Most LDCs remain agricultural economies with limited capacity to mobilize domestic resources or provide people with adequate means for survival; more and more people are seeking work outside of agriculture, but employment opportunities are not being generated fast enough to meet the growing demand, the report notes. The food crisis in many LDCs is in part a result of this lopsided development pattern.

The report points out that the LDCs have not reduced their heavy dependence on external sources of finance, particularly official development assistance. And they continue to have insufficient domestically generated resources. Reliance on external finance has declined for a number of LDCs (from 11% to 8% as measured by the ratio of aggregate net flows to GDP), but still remains much higher than in other developing countries (3% in 2006), especially in the case of African and island LDCs (11%).

The report shows that the aid inflows which provide LDCs´ major source of external finance are mainly directed towards improving social services and social infrastructure, including governance mechanisms, rather towards increasing productive capacities and promoting structural change and economic diversification.

Workers´ remittances are also growing and - while they play a role in directly alleviating poverty for those who receive them - their contribution to development by financing investment remains to be proven. They should not be seen as a substitute for long-term capital inflows, the report warns.

Overall investment patterns in LDCs remain inadequate to meet either the targets set at the Third United Nations Conference on the Least Developed Countries held in Brussels in 2001 or the United Nations Millennium Development Goals, the report says, although some improvement in investment levels has been registered, especially in oil-exporting LDCs.

The big policy illusion of the past decades was that investment in productive sectors would be taken care of by the international private sector through increased access to international capital markets or FDI inflows. But these inflows have concentrated on a few LDCs and have been weakly linked with the rest of their economies, the report says. Most FDI remains concentrated on natural resource extraction, particularly of oil and minerals.
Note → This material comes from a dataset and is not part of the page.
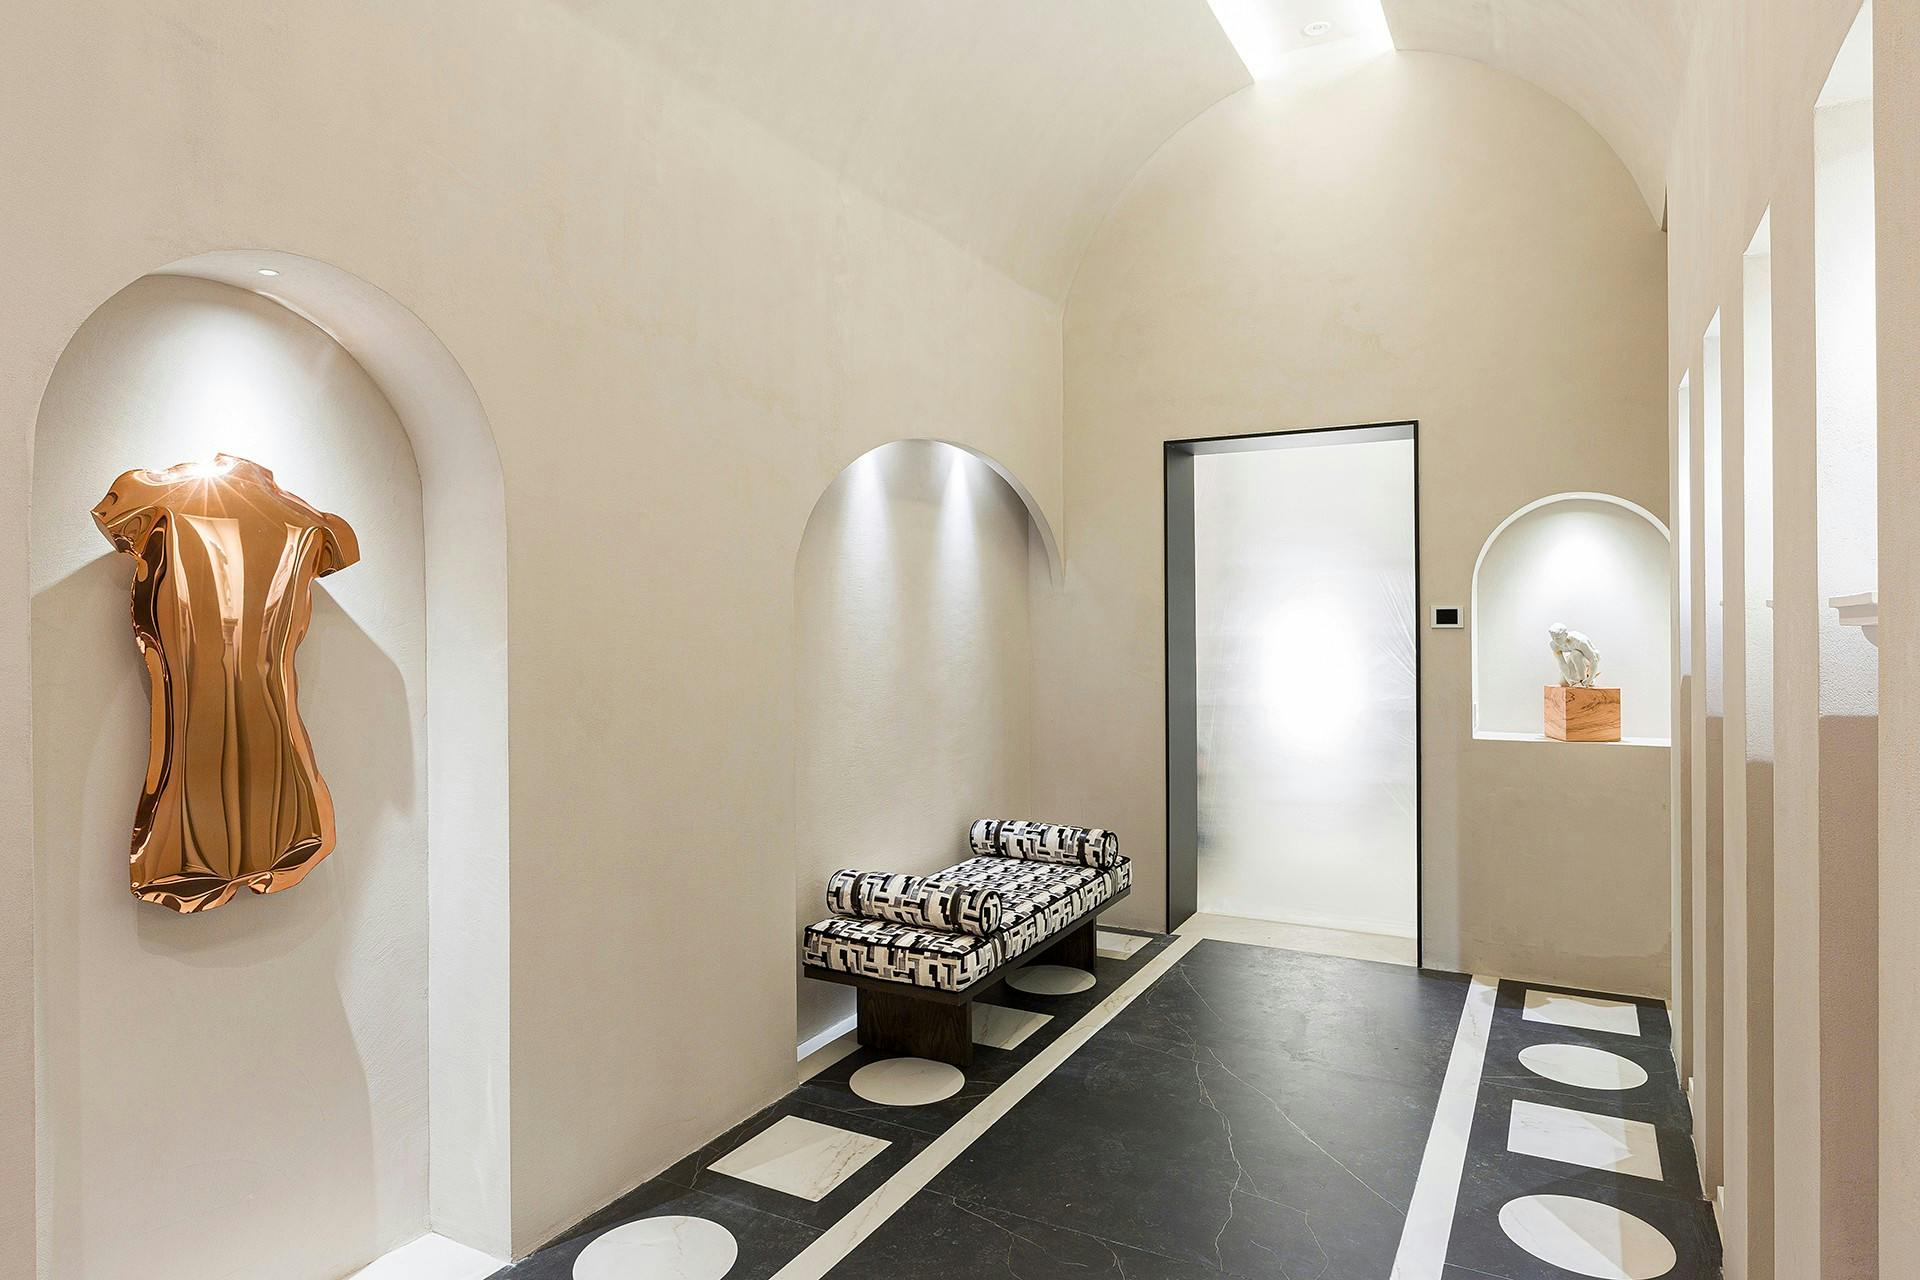 Bildnummer 33 des aktuellen Abschnitts von A contemporary public toilet design inspired by Roman public baths von Cosentino Österreich

To build economic resilience, the LDC economies need to improve agricultural productivity and diversify their economies to create non-agricultural employment opportunities. As argued in earlier Least Developed Countries Reports, this requires a new development model focused on building productive capacities and on shifting from commodity-price-led growth to "catch-up" growth.

LDC debt problems also continue, the report notes, especially for the 34 LDCs that have not been granted debt relief under the Enhanced Highly Indebted Poor Countries Initiative or the Multilateral Debt Relief Initiative of 2006. The 16 LDCs that received irrevocable debt relief under these initiatives, by contrast, performed well. Eight out of the 16 LDCs granted debt relief attained growth levels of over 6 % for 2005-2006 (Ethiopia, Malawi, Mauritania, Mozambique, Niger, Sierra Leone, Uganda, and Zambia), and the other eight achieved growth rates of 3-6 %.
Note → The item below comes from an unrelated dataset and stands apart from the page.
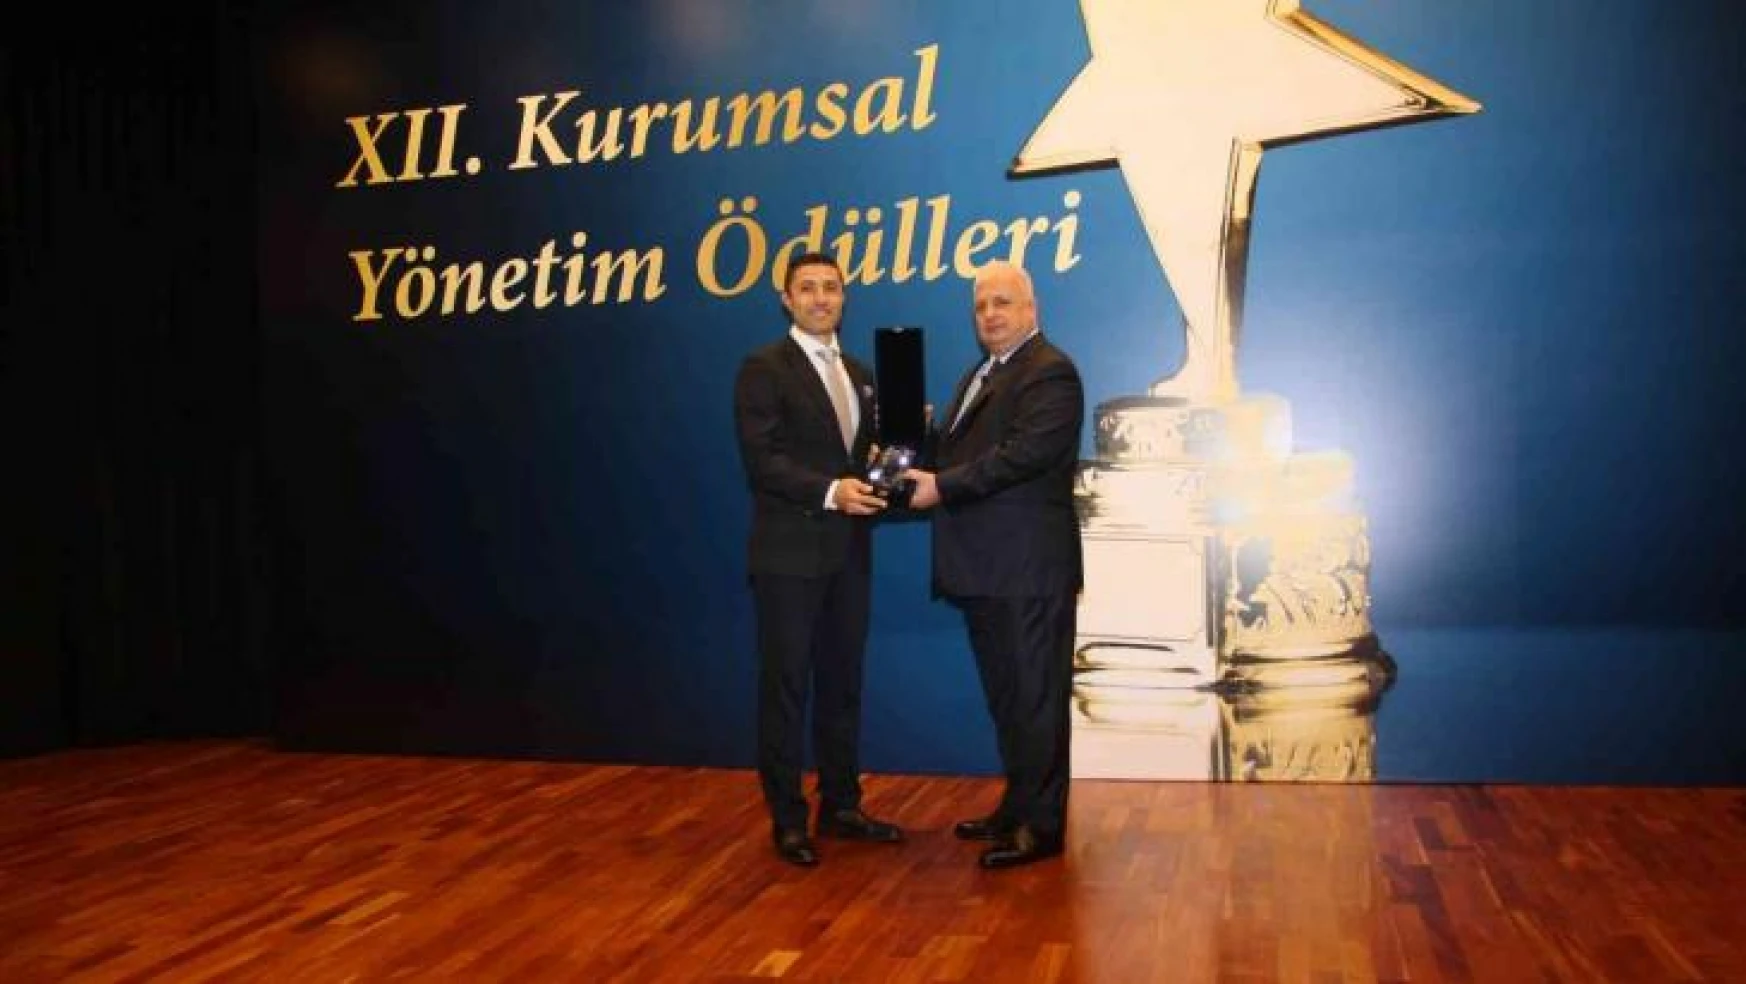 Aksa Akrilik'e Kurumsal Yönetim Ödülleri'nde 7'nci ödül

The global economic slowdown implies a further decline in demand that is likely to exert adverse impact on growth prospects in LDCs, largely underpinned by increasing prices for oil, minerals, and primary commodities in Africa and increased demand for low-skilled, labour-intensive manufactures in Asian LDCs, the report says. In the face of this global slowdown, most LDCs will confront major challenges in the period ahead. Meeting these challenges will require renewed efforts by the LDCs and their development partners to improve the productive bases of LDC economies and address their structural weaknesses.

Recent poverty trends and progress towards meeting the Millennium Development Goals in LDCs are examined in press release UNCTAD/PRESS/PR/2008/013.